You can give it this – Perfect Stranger starts somewhat promising. You see investigative newspaper journalist Rowena (Halle Berry), hand out the scoop of the year about a scandal around a powerful senator. Then the editor of the newspaper buries the scoop because of some political pressure, and she ups and quits.
You really think that this is going to be a political thriller, and will include underhanded journalistic approaches, showcasing the murk on both sides. But, oh no, this is just the set-up for Rowena. The film has nothing much to do with this part of the story. After she quits, almost immediately, an old childhood friend (Nicki Aycox) meets up with her. Almost immediately once again, she is found murdered.
Rowena suspects Harrison Hill (Bruce Willis), a high-flying advertising executive. So she does what any other self-respecting out-of-work journalist would do – she poses as a secretary and takes up a job at the ad agency and starts flirting with the boss.
Oh, and not only that, she also starts chatting with him online using different aliases because, well, the movie needs to do something before the end. So we’ve also got Miles (Giovanni Ribisi), who helps Rowena out and doles out tons of expository dialog, just because, hey, the movie needs something to do before the end. I say that because the manner in which the movie tacks blame on a guy in the end twist, it could have been anyone, really. All they needed was any guy to latch the blame onto the end pages of the script. It’s that clueless.
The biggest fault in this laughably written and directed thriller – and I use the word thriller very loosely here – is that it tries entirely too hard to be serious and provocative and relevant. Someone should tell them that just because it features the Internet doesn’t mean it’s topical, simple because the chat angle has nothing much to do with the actual mystery.

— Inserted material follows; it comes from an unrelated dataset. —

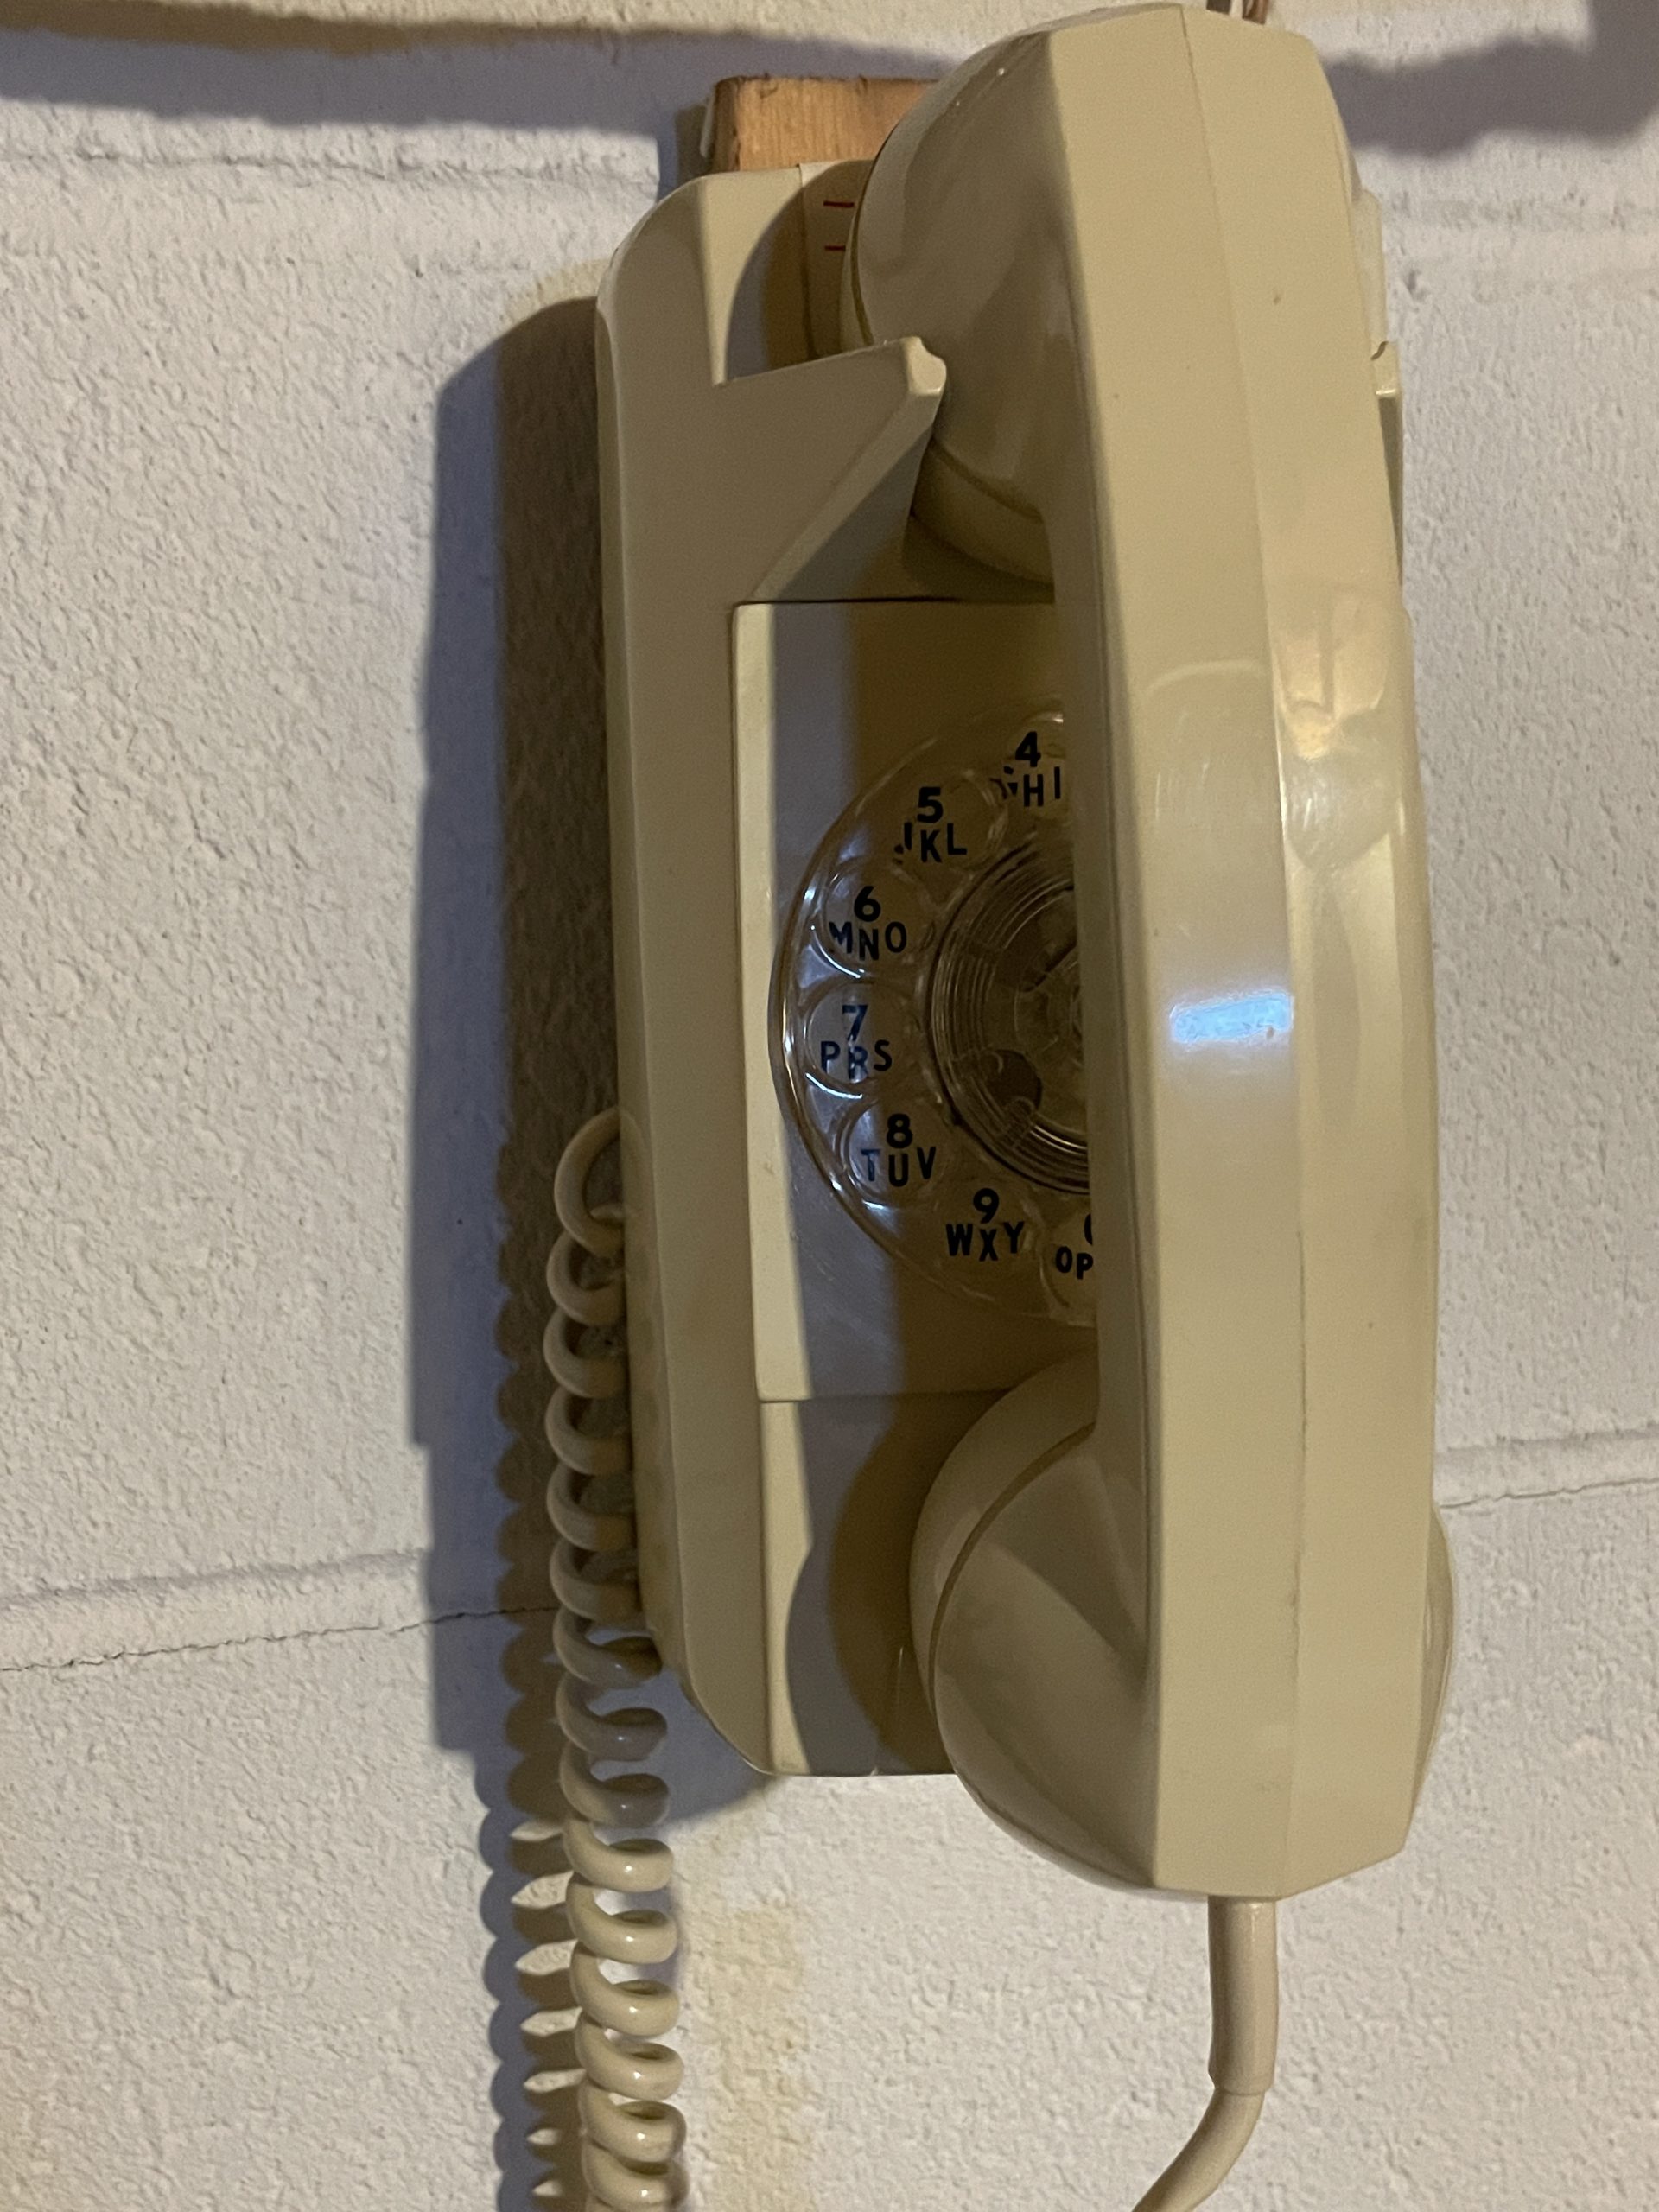 Parting with an Old Friend—The Landline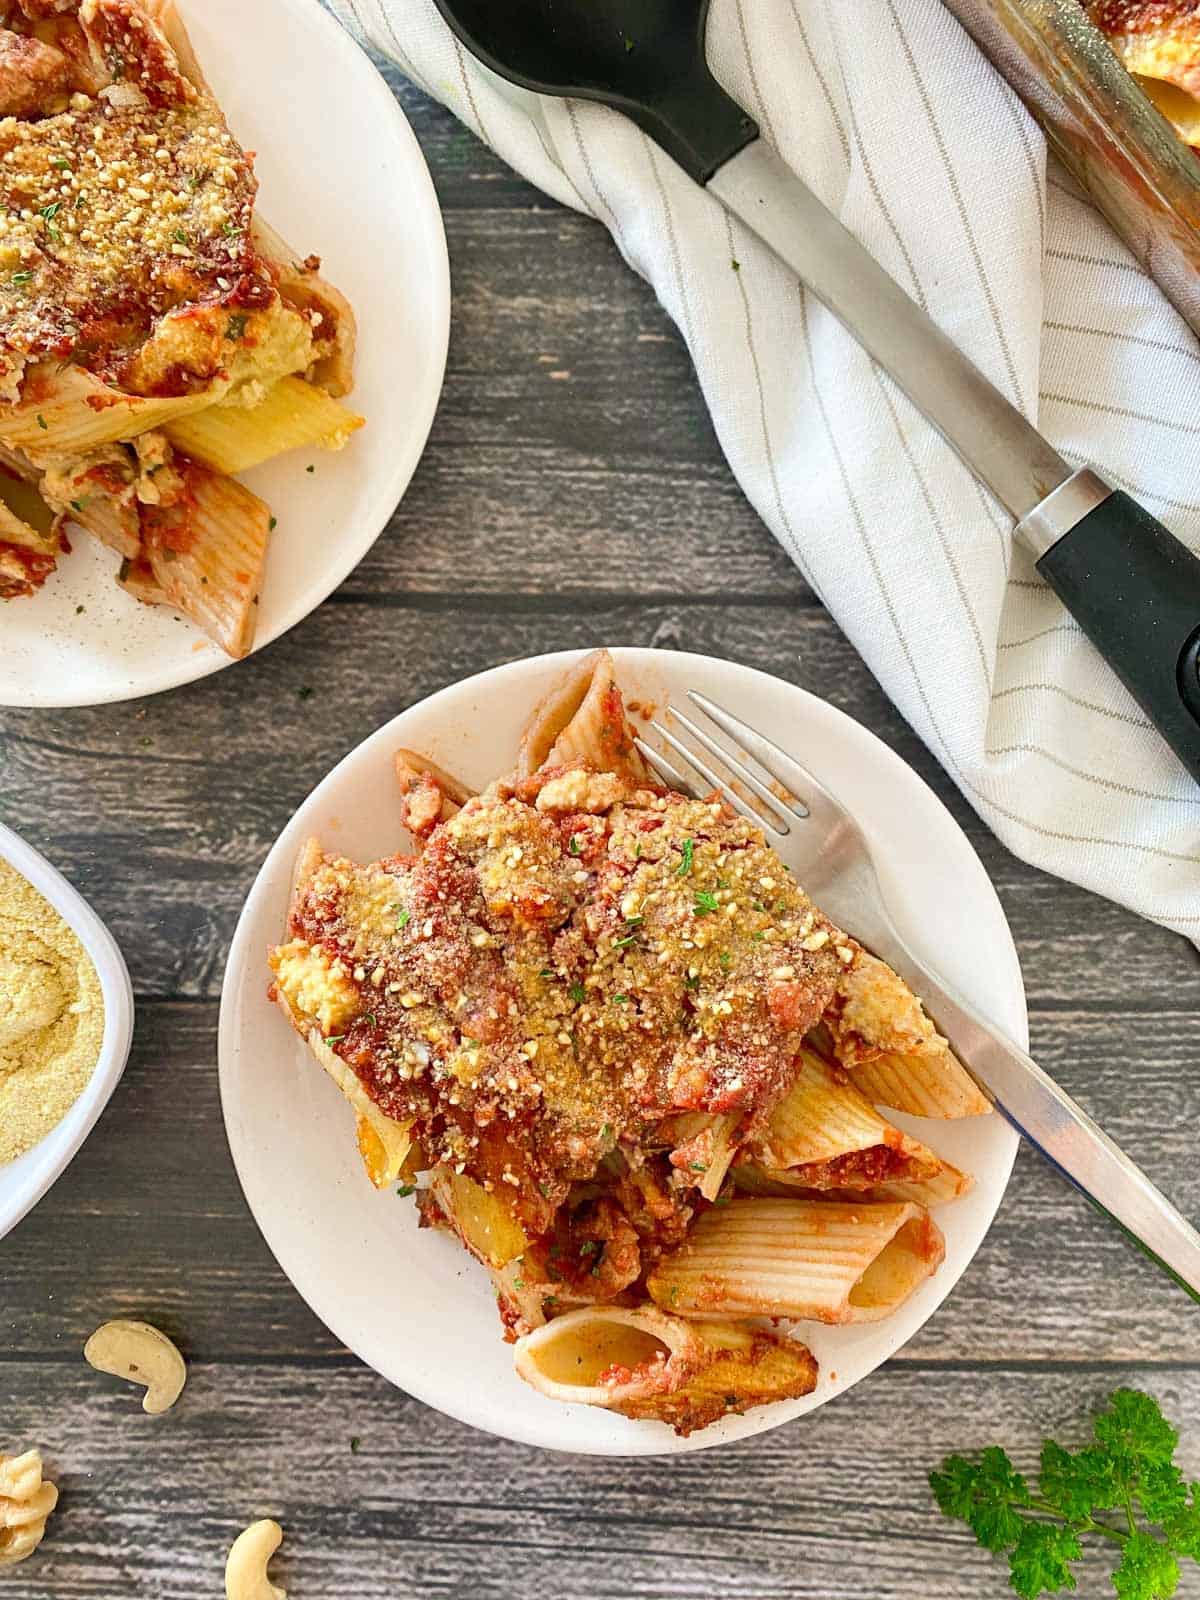 plate of baked pasta dish with fork inside.

The script is not just overly bulky and pretentious, though – it is also clearly very ridiculous. It tries to include an all encompassing suspect list based on whom the dead woman has slept with – which is fine, but then Rowena goes ahead and befriends one of them, making him hack into people’s firewalls for her. Some of the thrill-inducing moments fall flat mostly because of some preposterous reasons and expositions following them.
Director James Foley obviously thought that since his film is a sexual (don’t worry, censors here are never kind) thriller, he needs edgy dialog. With the enthusiasm and also intelligence of a 10-year-old, Todd Komarnicki churns up dialog straight from the early ‘90s films – and not the good ones, but the really, truly terrible ones. The kind of dialog the main protagonists speak in the film makes one wonder if they ever spoke in polite company before.
The writing may make Berry seem like a dumb woman with paternal complexes, but it makes Willis look like a much worse stupid oaf. He is painted as such a gullible, implausible brainless guy, that you roll your eyes every time he does something. The only redeeming factor is that Willis actually realizes how bad the whole enterprise is. He doesn’t take anything too seriously, and looks like he is appalled and amused by the writing at the same time.
Berry, though, is completely taking this seriously. She frets and she fumes, and she is very very angry all the time. Makes you very very tired, you know. It’s not that she does a bad job of it; it’s just that her character arc is utterly confusing in the entire film, and her acting, though not laughable, is not plausible at any juncture.
However, nothing, and I mean nothing, can top the underdeveloped and cooked climax. It’s just happenstance that this climax is something we got to see, though. I hear they shot in their entirety three different climaxes for the film. For a genre that relies on a smart twist, this goes on to show they had absolutely no clue about what they were doing.
Perfect Stranger is far from perfect; it’s a mess of a film that wastes your time and serves up an underdeveloped and embarrassingly written premise, dotted with dodgy performances. Skipping this would indeed be a perfect solution.